In 2009, a significant quantity of heavily lead-glass-filled rubies entered the Indian jewellery market through wholesale channels in Jaipur. The stones had the appearance of fine rubies: vivid red, large, clean. Jewellers who purchased them in parcels did not know they were lead-glass-filled because the filling was not declared and the stones looked convincing. Buyers who purchased jewellery set with these stones believed they had fine rubies. When some of these stones were later tested at GIA, the results showed lead glass content constituting 30-50% of the stone's volume. The "ruby" was essentially a low-grade corundum fragment held together by glass. The commercial value was approximately one-thirtieth of equivalent natural ruby. The practical heat resistance of the stones was low enough that normal jewellery repair processes involving a jeweller's torch could cause the glass to expand and the stones to shatter. The fraud was not an isolated incident; it was an industry-scale supply chain problem that required GIA research, AGTA disclosure guidelines, and years of market education to address. It illustrates what treatment fraud looks like at scale and why treatment transparency is not a technicality. It is the foundation of the gem market's integrity.
Why gem treatments exist and why they matter Gem treatments exist because most gem rough as it comes from the mine does not meet the quality standards the market wants. Heat treatment improves colour. Fracture filling improves clarity. Oiling hides fractures. The market accepts some treatments as standard practice; it requires disclosure of others; and it rejects a few as fundamentally deceptive. Understanding where each treatment falls on this spectrum is the core practical knowledge for any gem buyer. Sources: GIA treatment research; AGTA treatment disclosure codes; CIBJO Coloured Stone Blue Book; Wise, R.W., Secrets of the Gem Trade (2016); Nassau, K., Gems Made by Man (1980).

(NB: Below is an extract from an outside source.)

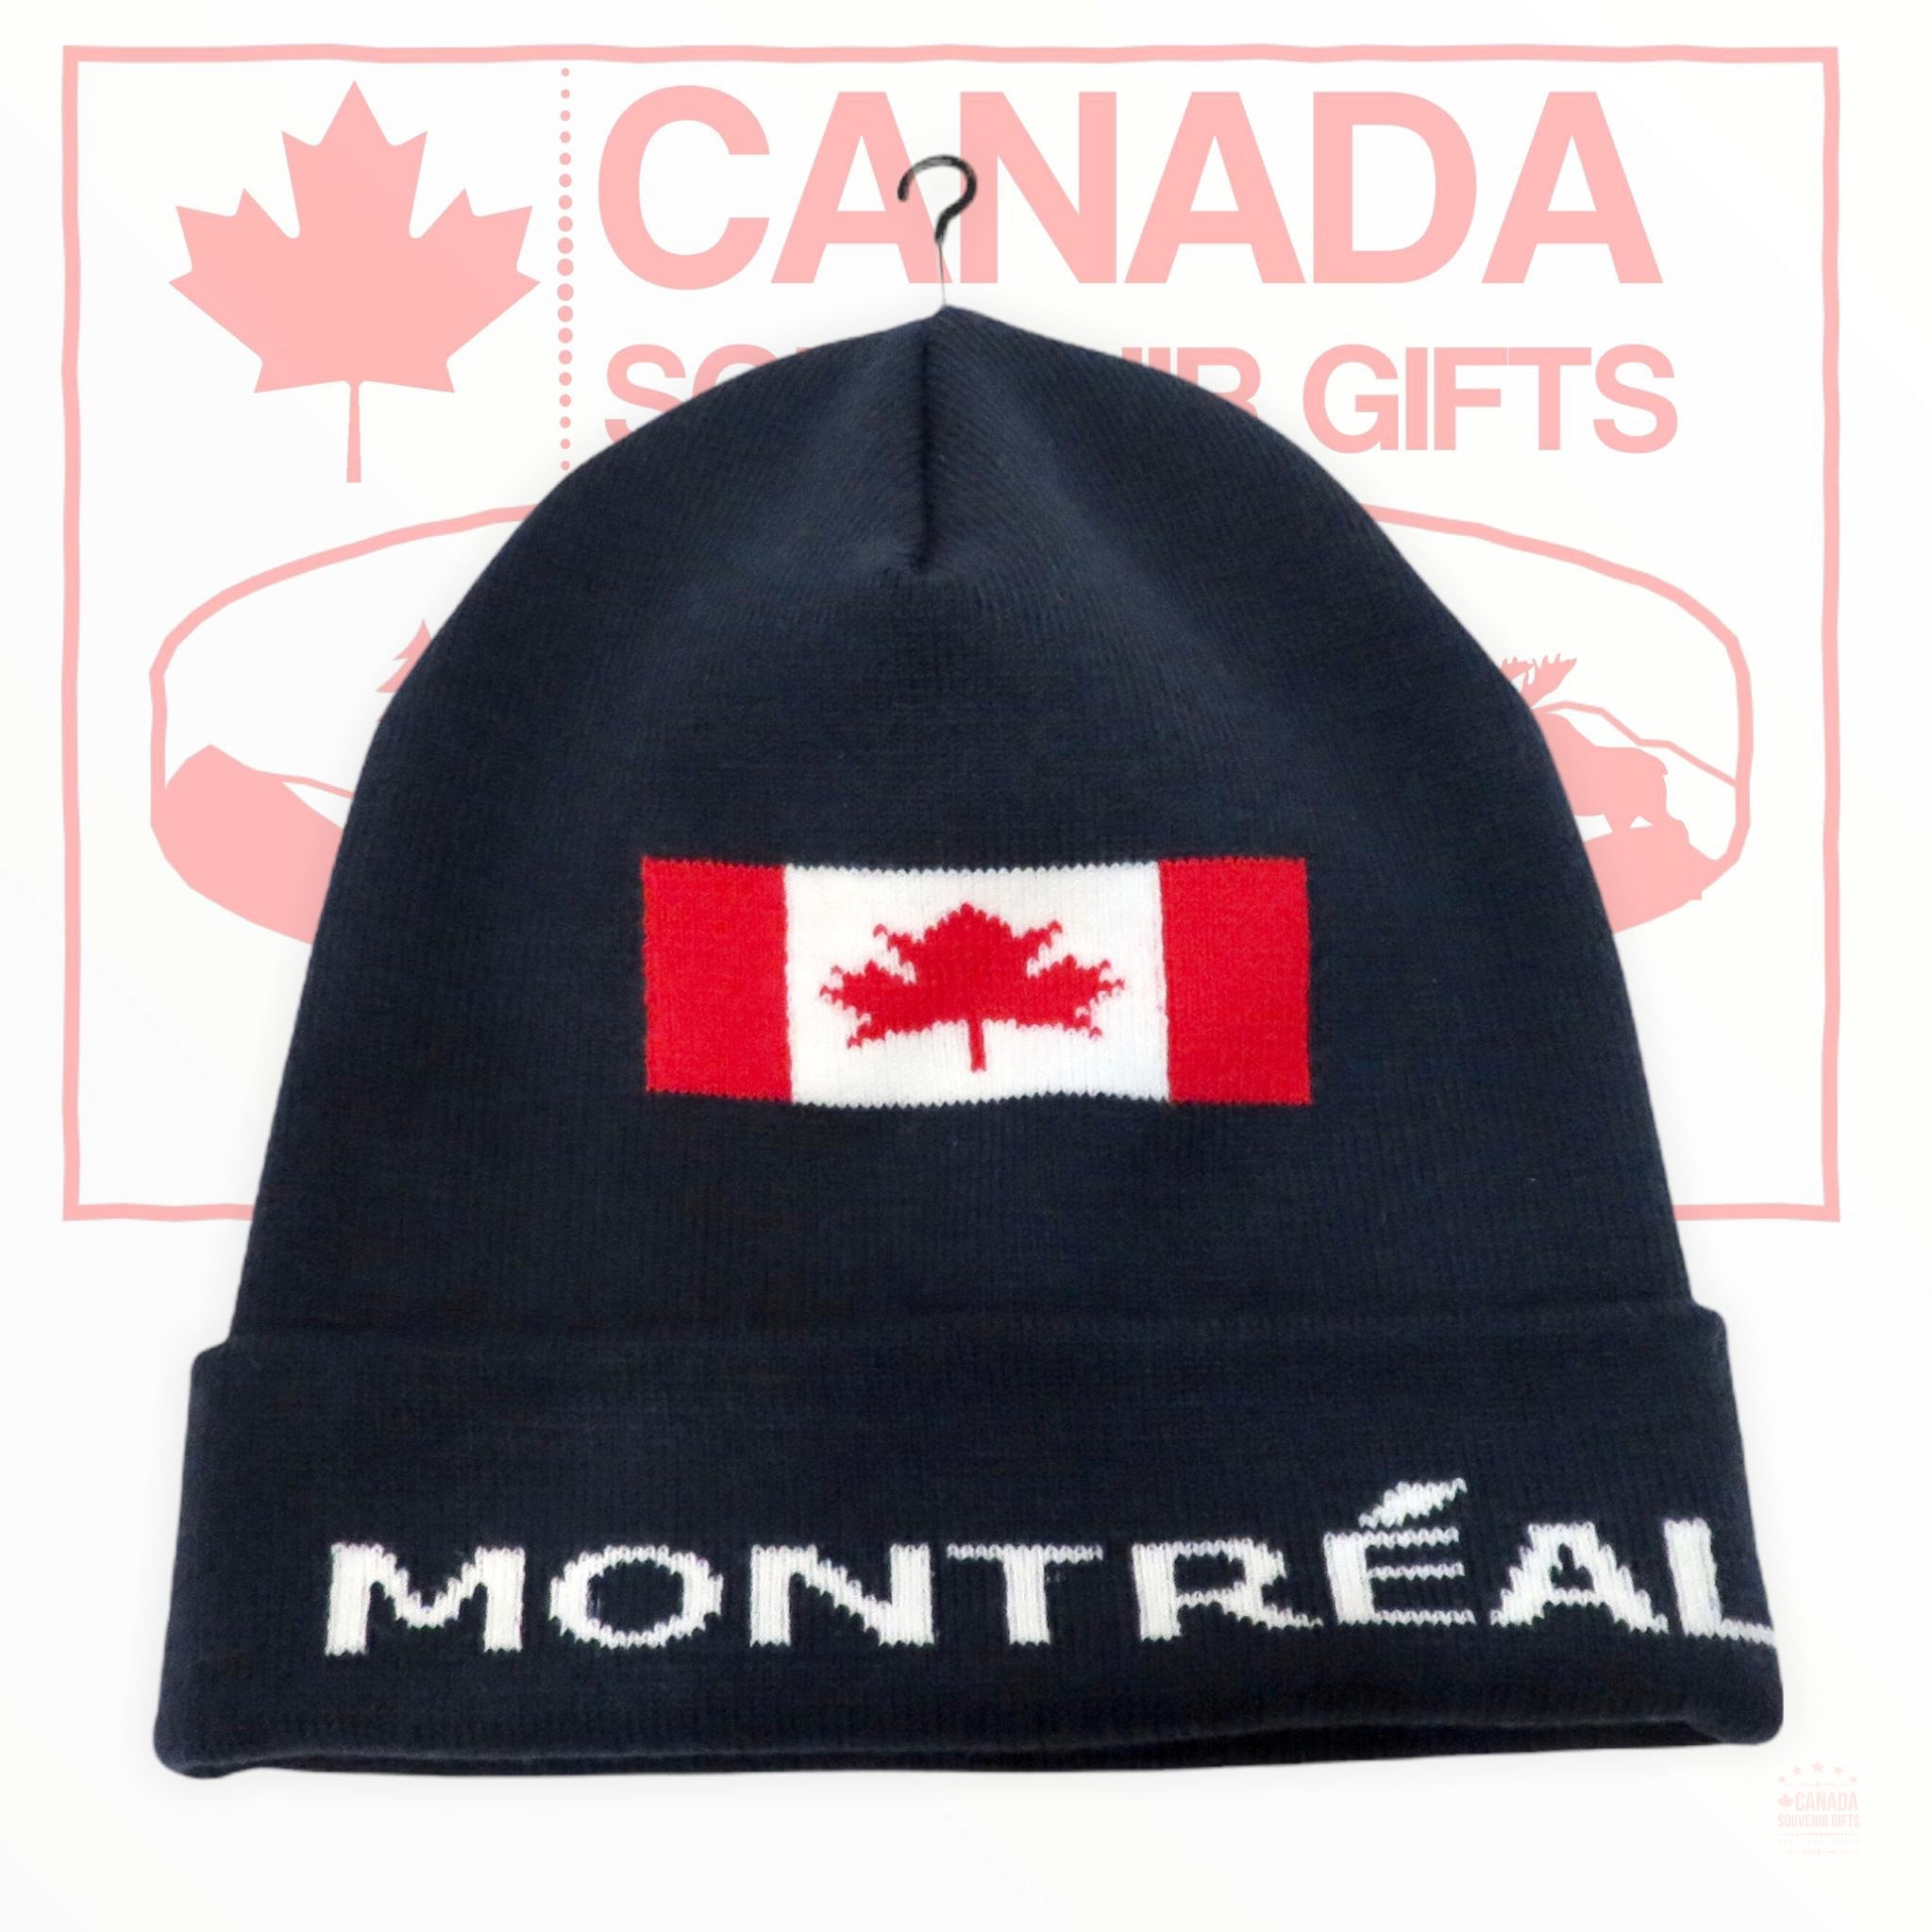 Montreal Winter Toque Hat with Canada Country Flag - Navy or Charcoal SuperFine Quality

Heat treatment: the accepted standard

Heat treatment is the most widely applied gem treatment, used on ruby, sapphire, aquamarine, tanzanite, zircon, citrine, and many other species. It changes trace element oxidation states and dissolves or redistributes silk (rutile needle inclusions), improving both colour and clarity in many cases.

Ruby: Heating at 1,600-1,800°C dissolves silk (which was causing haziness), improves colour saturation, and can heal minor fractures. Approximately 95%+ of commercial ruby has been heated. Unheated ruby commands a 2-10× premium over heated equivalents of the same apparent quality.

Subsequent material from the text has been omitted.